OUR CAMPAIGNS 2012:
» Towards… AN AU FREE FROM FOREIGN INTERFERENCE…
Min. Dlamini-Zuma for the Chairperson of the African Union Commission!
AU Summit, June 23-30, 2012 in Lilongwe, Malawi.
We of the Pan-Africanist International welcome the news that the South African Home Affairs Minister, Dr. Nkosazana Dlamini-Zuma will run again for the position of African Union Commission chair at the next AU Summit in June, according to the international relations minister, Maite Nkoana-Mashabane.
Dlamini-Zuma, 62, has served in the cabinet of every South African president since Nelson Mandela, who named her health minister after taking office as the country’s first black leader in 1994.
A doctor by training, she served as foreign minister for a decade under Mandela’s successors Thabo Mbeki and Kgalema Motlanthe, and her ex-husband, current President Jacob Zuma, found her indispensable enough to name her home affairs minister — the post she now holds. She was credited with cleaning up the problematic department, so much so that under her tenure it earned its first clean audit since the advent of democracy in the country in 1994.
No woman has held the post of chair of the Commission of the African Union. Dlamini-Zuma, served as minister of foreign affairs between 1999 and 2009.
She is also credited for working hard to put forward South Africa’s candidature for a seat on the United Nations Security Council and for her efforts in “peace-building” on the African continent.
During her days at the then department of foreign affairs, Dlamini-Zuma commissioned a study to conduct a comprehensive analysis of the root causes of conflict in Africa.
The study found that among the triggers of conflicts was electoral fraud, ethnicity, state resources, vested interests by foreign actors and the cavalier construction of colonial borders at the end of the 19th century.
She is widely seen as having effected a turnaround in the hitherto chaotic department of home affairs over the past two years, tackling the corruption and mismanagement that have plagued it.
There were numerous obstacles, which we will have to deal with in the six months ahead.

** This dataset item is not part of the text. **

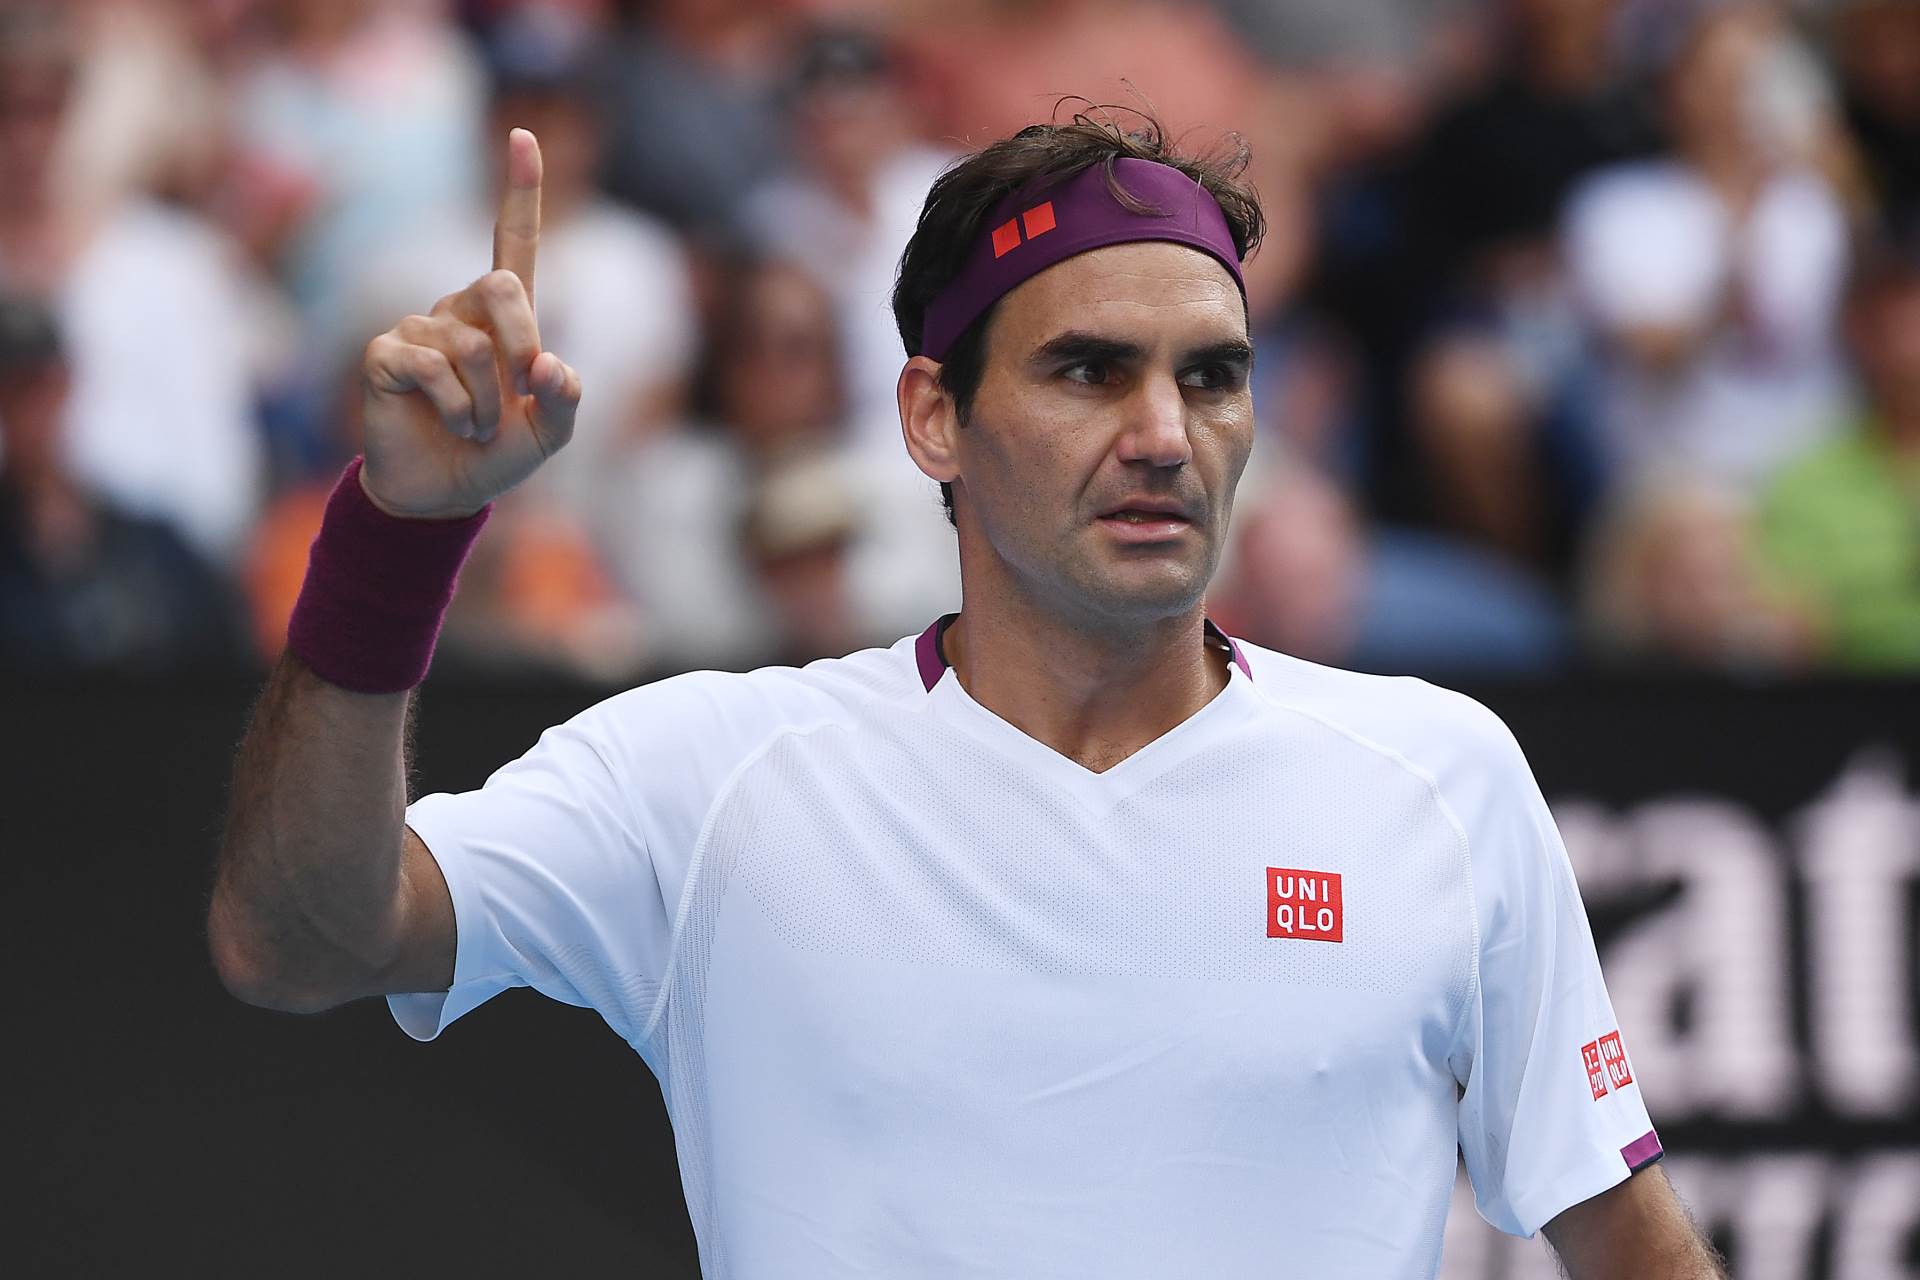  Federer se nešto zapitao... I izazvao LAVINU komentara! Koji je vaš? 
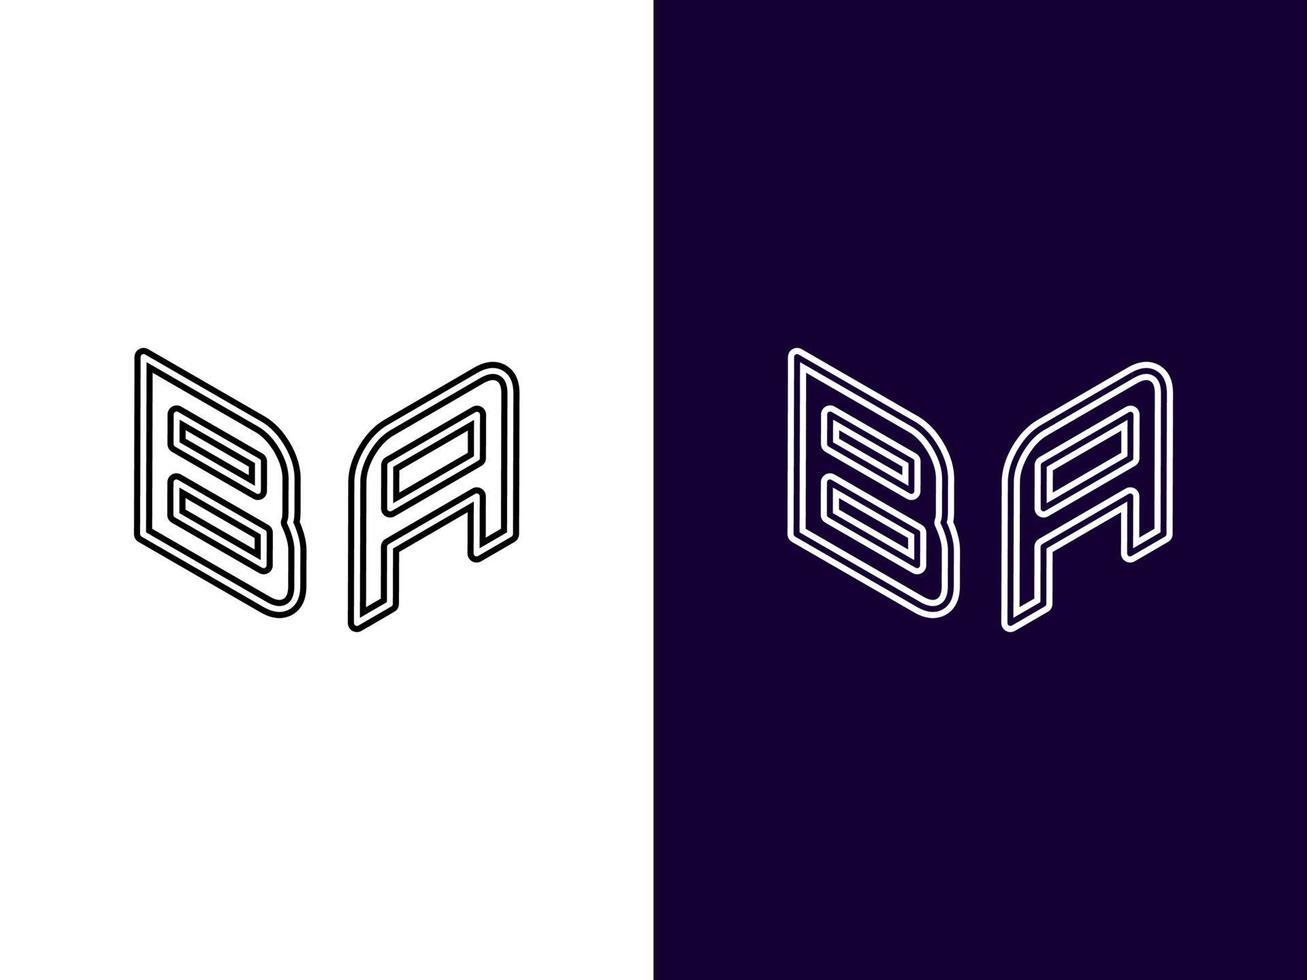 letra inicial ba design de logotipo 3d minimalista e moderno vetor

Ahead of the election, Dlamini-Zuma’s backers were worried that Francophone countries might be influenced by the French to vote for Ping and snub South Africa, Africa’s biggest economy.
The United States meanwhile denied a report that Washington, along with Paris, were actively opposing Dlamini-Zuma’s candidacy against Gabonese Ping’s bid for a second term.
“The United States considers the selection of leadership for the Commission of the African Union to be an issue that is entirely for African states to decide,” the US embassy said in response to Friday’s report in the Mail & Guardian.
“Contrary to speculation, the United States has no preferred candidate, and we have consistently maintained neutrality on possible candidates for the chair.”
Nigeria has also been cited by South African diplomats as a major obstacle to the bid. Relations between the two countries have been in a funk for some time, but it deepened over South Africa’s backing of former president Laurent Gbagbo during the battle for control of Côte d’Ivoire.
Ping is no longer eligible for re-election and this paves a way for Dlamini-Zuma to give it another shot and lobby even harder ahead of the next summit.
“The message that is very clear, if you check the rule book, is that the incumbent shall vacate and the deputy chair will act until the next election. So nothing stops us from fielding the same candidate because she has shown or proven to be a formidable candidate that the incumbent could not defeat,” said Nkoana-Mashabane, in a statement.
“It was a vote of no-confidence in his [Ping] leadership. African countries were clearly unhappy with an AU that was ran from Paris. This provides us an opportunity to elect someone from a country which does not have neo-colonial hang-ups,” according to the diplomat who attended AU Summit in Addis Ababa, Ethiopia.
The elections for the position of new AU Commission chair will now be held at Malawi’s capital Lilongwe in June. This is where we need all hands on deck to make this a resounding success!